1. Efek mekanik. Meningkatnya tekanan lingkungan atau
ambient yang memberikan manfaat penurunan volume gelembung gas atau udara
seperti pada terapi penderita dekompresi akibat kecelakaan kerja penyelaman dan
gas emboli yang terjadi pada beberapa tindakan medis rumah sakit. Akibat
peningkatan tekanan parsial oksigen dalam darah dan jaringan yang memberikan
manfaat terapeutik: bakteriostatik pada infeksi kuman anaerob, detoksikasi pada
keracunan karbon monoksida, sianida dan hidrogensulfida, reoksigenasi pada
kasus iskemia akut, crush injury, compartment syndrome maupun
kasus iskemia kronis, luka yang tidak sembuh, nekrosis radiasi, skin graft
preparation dan luka bakar.
2. Efek Fisiologis. Prinsip yang
dianut secara fisiologis adalah bahwa tidak adanya O2 pada tingkat seluler akan
menyebabkan gangguan kehidupan pada semua organisme. Oksigen yang berada di
sekeliling tubuh manusia masuk ke dalam tubuh melalui cara pertukaran gas.

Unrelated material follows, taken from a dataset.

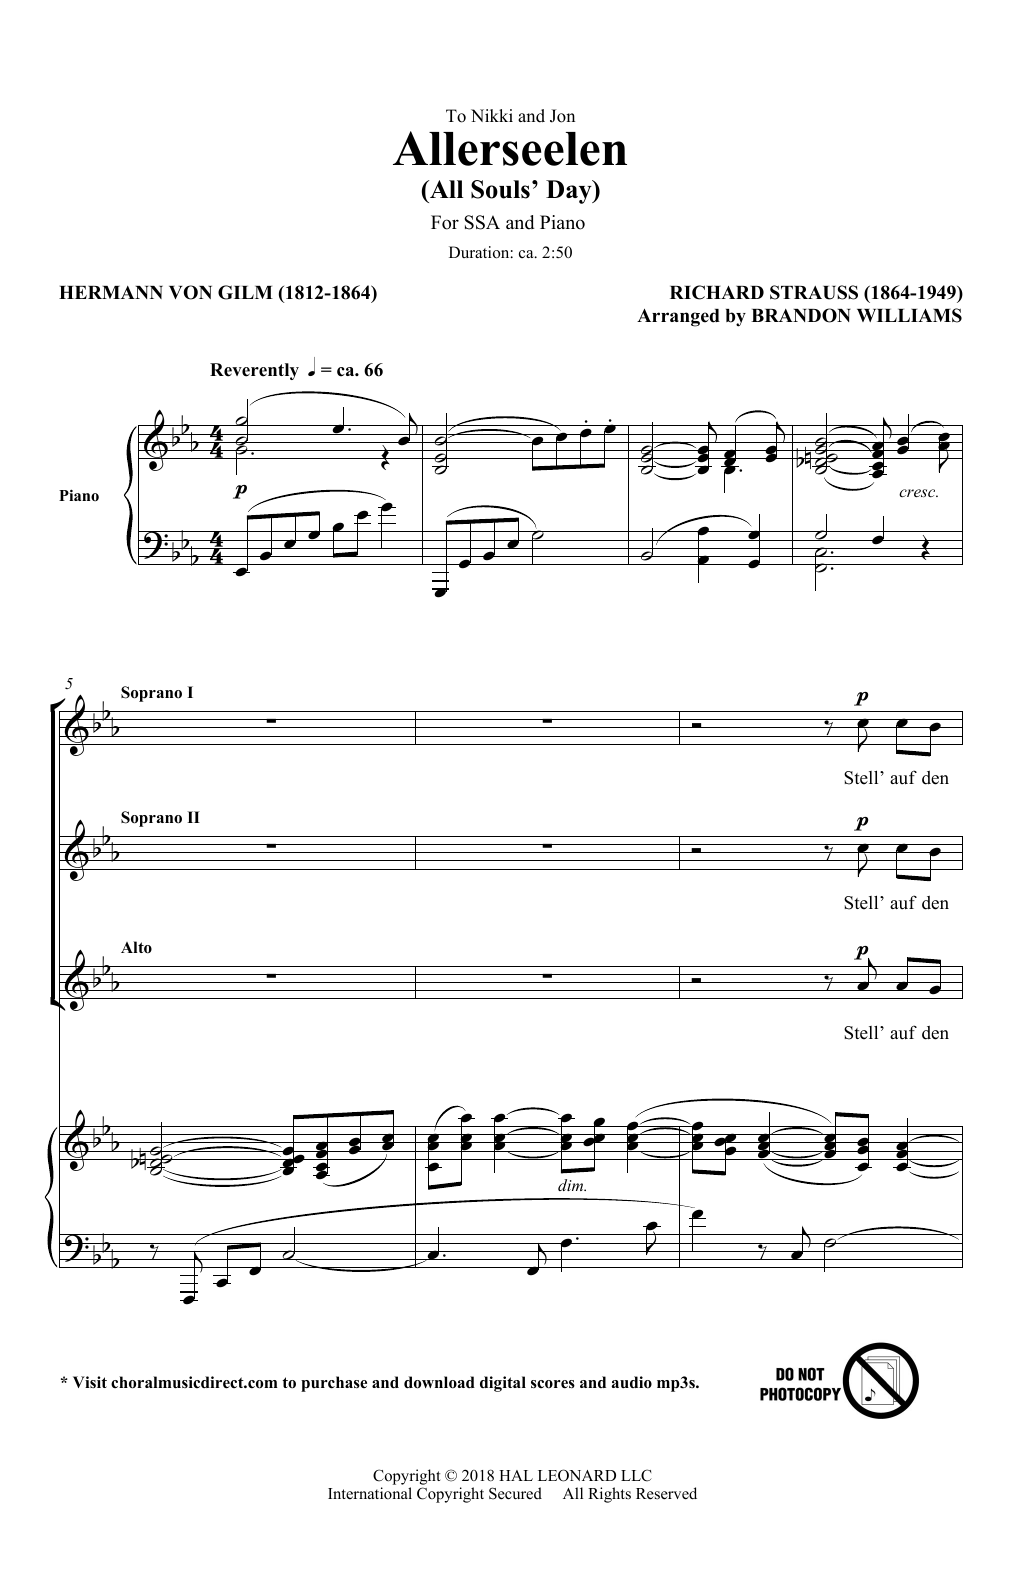 Richard Strauss & Hermann von Gilm Allerseelen (arr. Brandon Williams) Sheet Music Notes & Chords for SSA Choir - Download or Print PDF

Fase-fase respirasi dari pertukaran gas terdiri dari fase ventilasi,
transportasi, dan difusi. Dengan kondisi tekanan oksigen yang tinggi,
diharapkan matriks seluler yang menopang kehidupan suatu organisme mendapatkan
kondisi yang optimal.
2.2
Pulmonary Overinflation Syndromes
2.2.1 Definisi7
Pulmonary Overinflation Syndromes (POIS) adalah
kebocoran gas menuju jaringan interstitial pulmo yang tidak menunjukkan gejala
kecuali kebocoran lebih lanjut terjadi. Jika gas masuk sirkulasi arterial,
berpotensi terjadi emboli gas arterial yang fatal. Pulmonary Overinflation
Syndromes termasuk salah satu grup penyakit barotrauma yang disebabkan
ekspansi udara yang terperangkap di paru selama naik (reverse squeeze)
atau tekanan berlebih pada paru dengan subsekuen overekspansi dan pecahnya
kantong udara alveolar. Penyebab pecahnya kantong udara alveolar adalah tekanan
berlebih di dalam paru disebabkan oleh tekanan yang positif dan kegagalan
ekspansi gas untuk keluar dari paru selama naik.

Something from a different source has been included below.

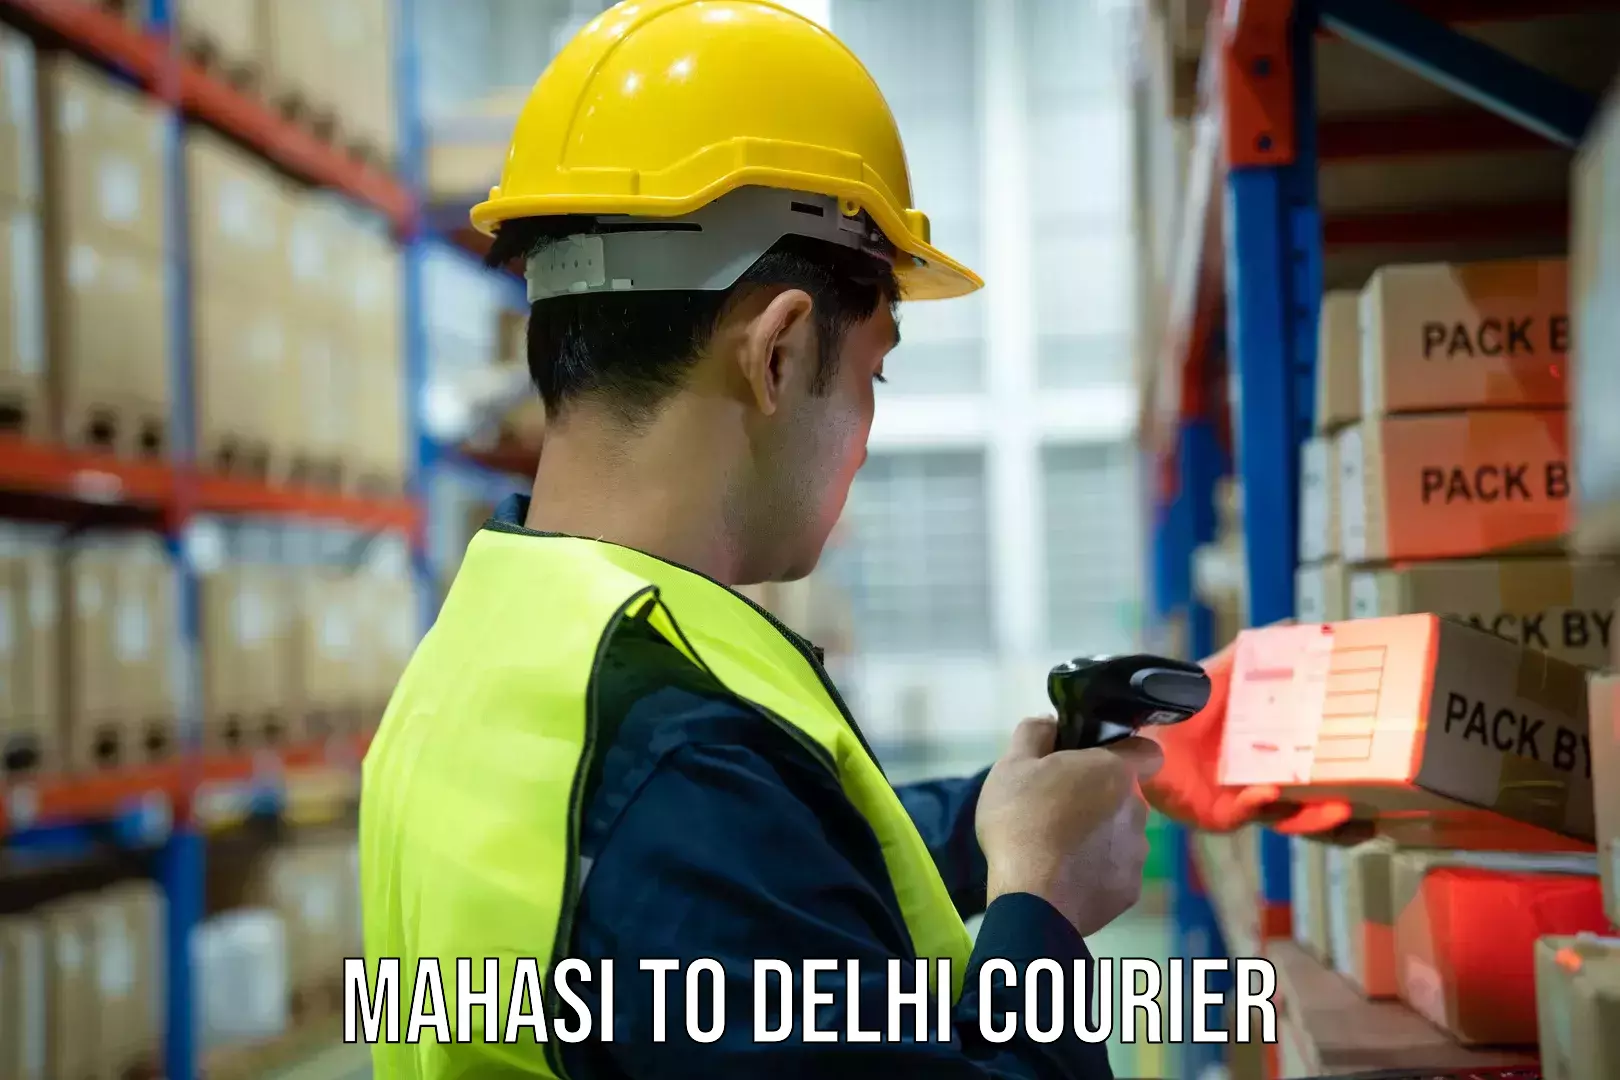 High-capacity parcel service Mahasi to Jamia Millia Islamia New Delhi

Manifestasi klinis POIS tergantung pada lokasi dimana udara bebas berada.
Di semua kasus, yang pertama terjadi adalah pecahnya alveoli dengan sebuah
koleksi udara di jaringan paru, sebuah kondisi yang dikenal sebagai
interstitial emfisema. Interstitial emfisema ini tidak menimbulkan gejala
sampai distribusi udara lebih lanjut terjadi. Gas mungkin menemukan jalan
menuju cavitas dada atau sirkulasi arterial.

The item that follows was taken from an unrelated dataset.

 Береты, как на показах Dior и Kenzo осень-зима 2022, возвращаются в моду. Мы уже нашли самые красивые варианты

2.2.2 Arterial Gas Embolism (AGE)7
Arterial gas embolism, kadang disebut
juga emboli udara adalah obstruksi aliran darah disebabkan oleh gelembung udara
(emboli) yang memasuki sirkulasi arterial. Obstruksi dari arteri otak dan jantung
dapat menimbulkan kematian jika tidak dilepaskan seketika.
2.2.3 Etiologi AGE7
AGE disebabkan oleh ekspansi gas yang berada di paru–paru ketika bernapas
dalam tekanan dan tertahan di paru–paru ketika naik. Gas mungkin dipertahankan
secara sadar maupun tidak sadar. Gas dapat terjebak dan menyebabkan obstruksi
dari paru–paru yang terkena imbas dari insiden atau penyakit sebelumnya; atau
dari penyelam yang bereaksi panik pada situasi sulit, mungkin menahan napas
tanpa menyadarinya. Jika terdapat cukup gas dan jika itu mengembang secara
cukup, tekanannya akan memaksa gas melalui dinding alveolar menuju jaringan
sekitarnya dan menuju aliran darah. Jika gas memasuki sirkulasi arterial, itu
akan menyebar menuju semua organ tubuh. Organ yang terutama rentan terhadap AGE
dan yang bertanggung jawab untuk gejala yang mengancam keselamatan adalah CNS
dan jantung. Di semua kasus dari AGE, memungkinkan untuk dihubungkan dengan
pneumothorax dan tidak seharusnya diabaikan. Keterbatasan dari suplai udara dan
kebutuhan untuk sebuah kenaikan yang darurat adalah penyebab tersering AGE.
2.2.4 Mekanisme Terjadinya AGE
Penyebab pecahnya kantong udara alveolar adalah tekanan
berlebih di dalam paru disebabkan oleh tekanan yang positif dan kegagalan
ekspansi gas untuk keluar dari paru selama naik.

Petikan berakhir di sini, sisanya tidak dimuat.